Source material:
= = = =

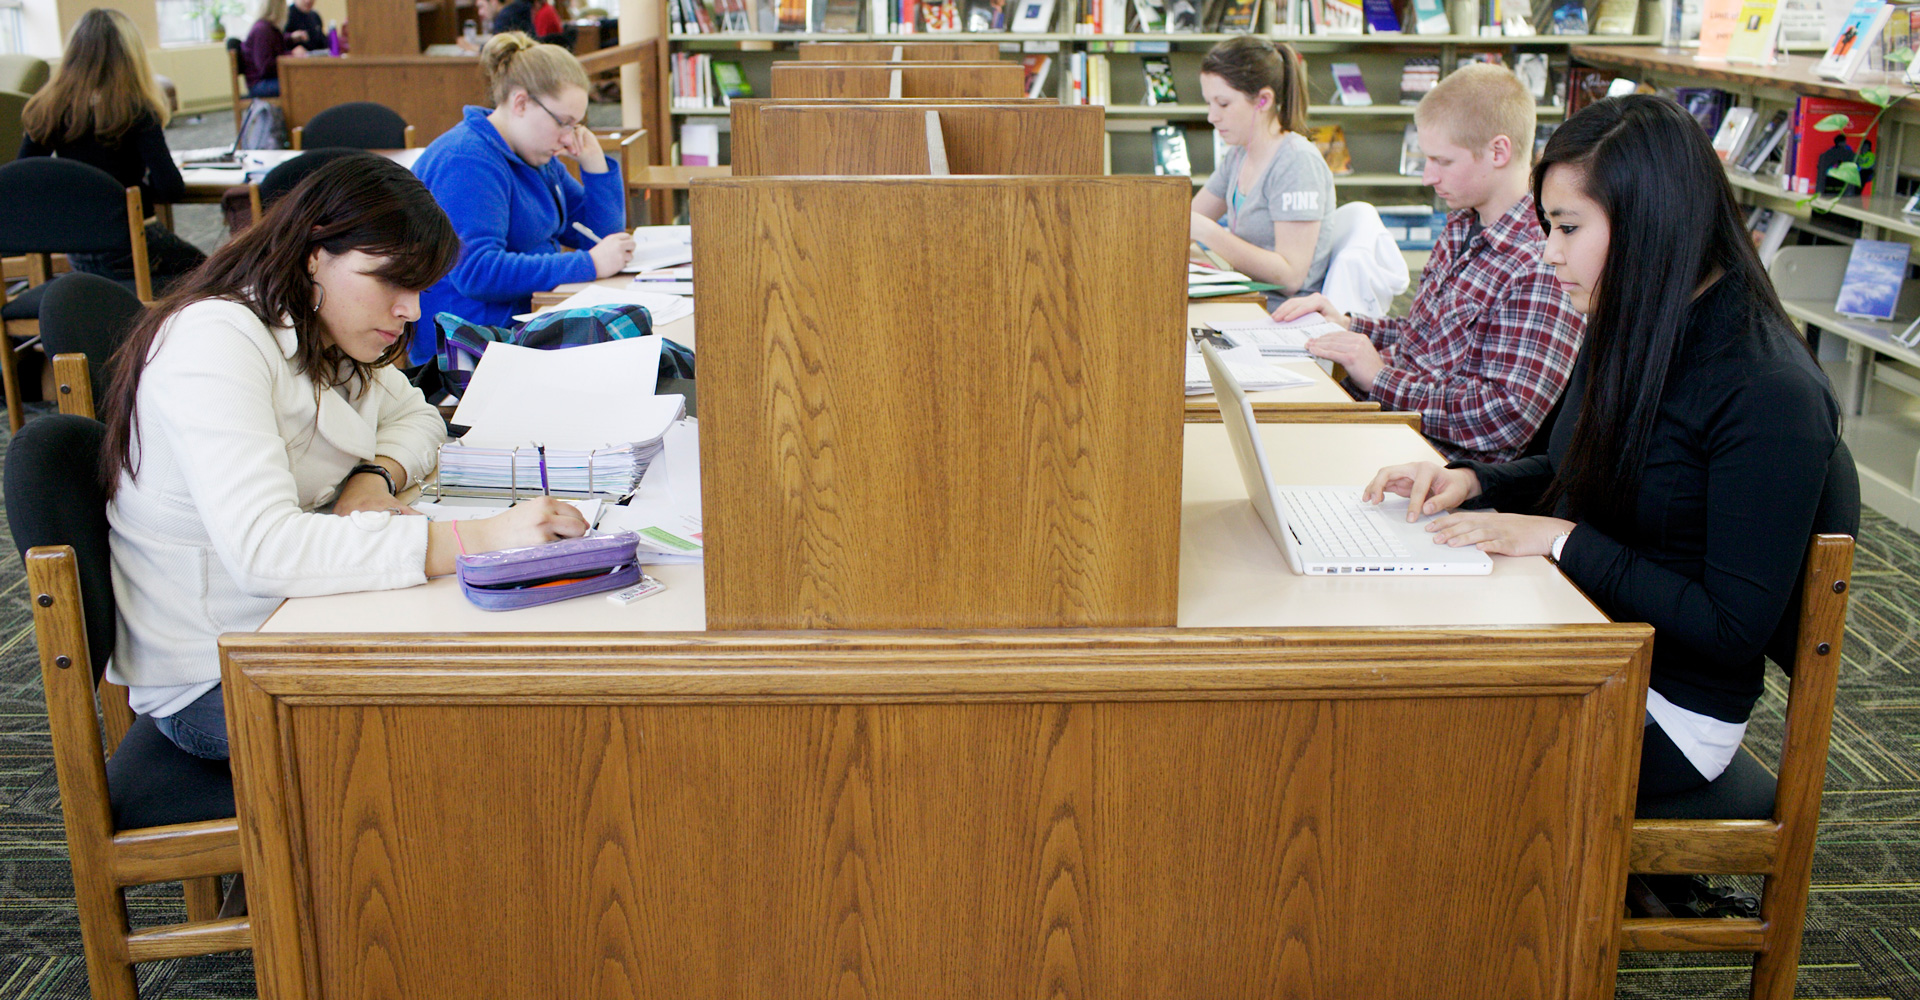 Students studying at the library.
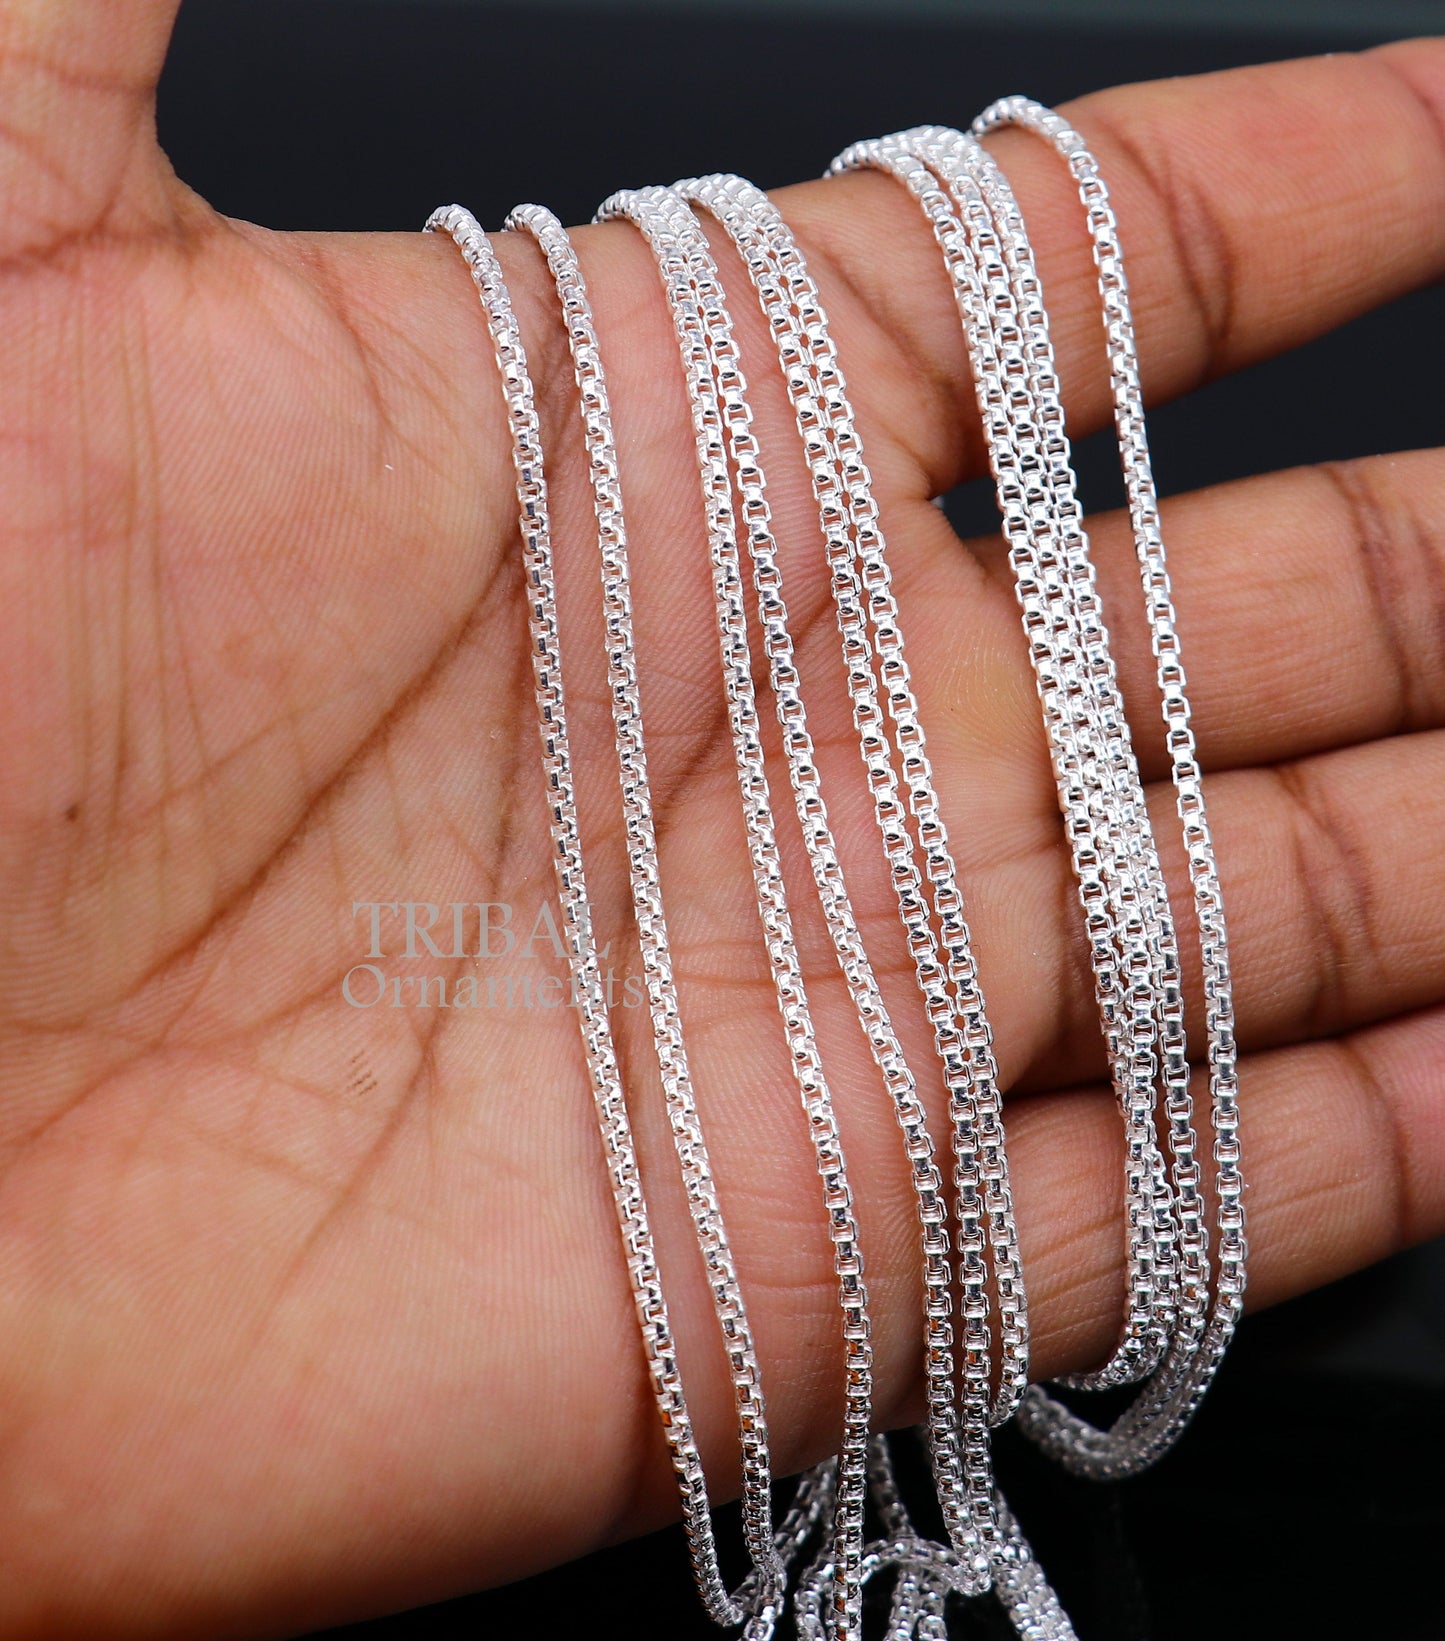 2mm 925 sterling silver handmade amazing stylish delicate solid Rolo high quality chains necklace, best gifting unisex necklace chain ch224 - TRIBAL ORNAMENTS
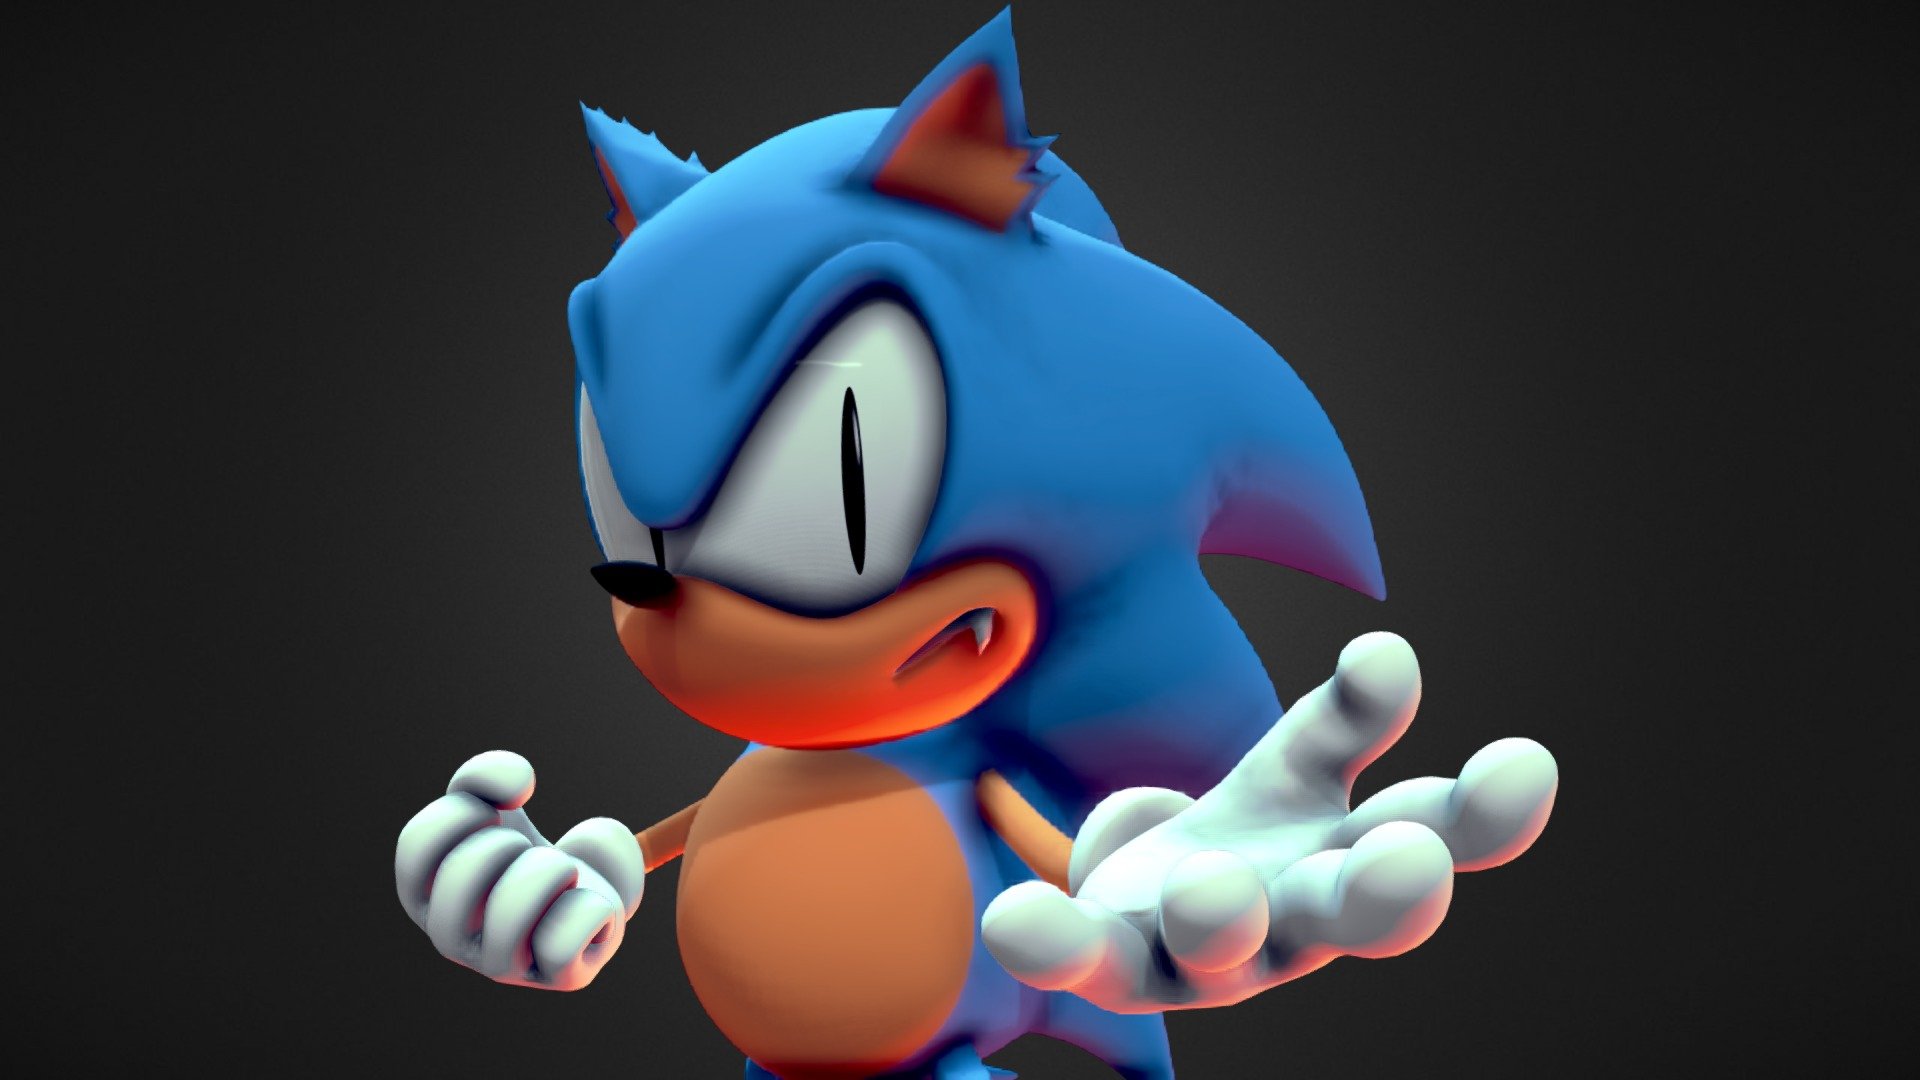 Model based in the character extra life sonic from sonic the comic
 - Extra life sonic - 3D model by Gabrielgt16 3d model

= = = =

Beginning with the line that contains "Model based in" and ending with the last line of the data, restate each line word for word. Exclude the pictures.

 Model based in the character extra life sonic from sonic the comic
 - Extra life sonic - 3D model by Gabrielgt16 3d model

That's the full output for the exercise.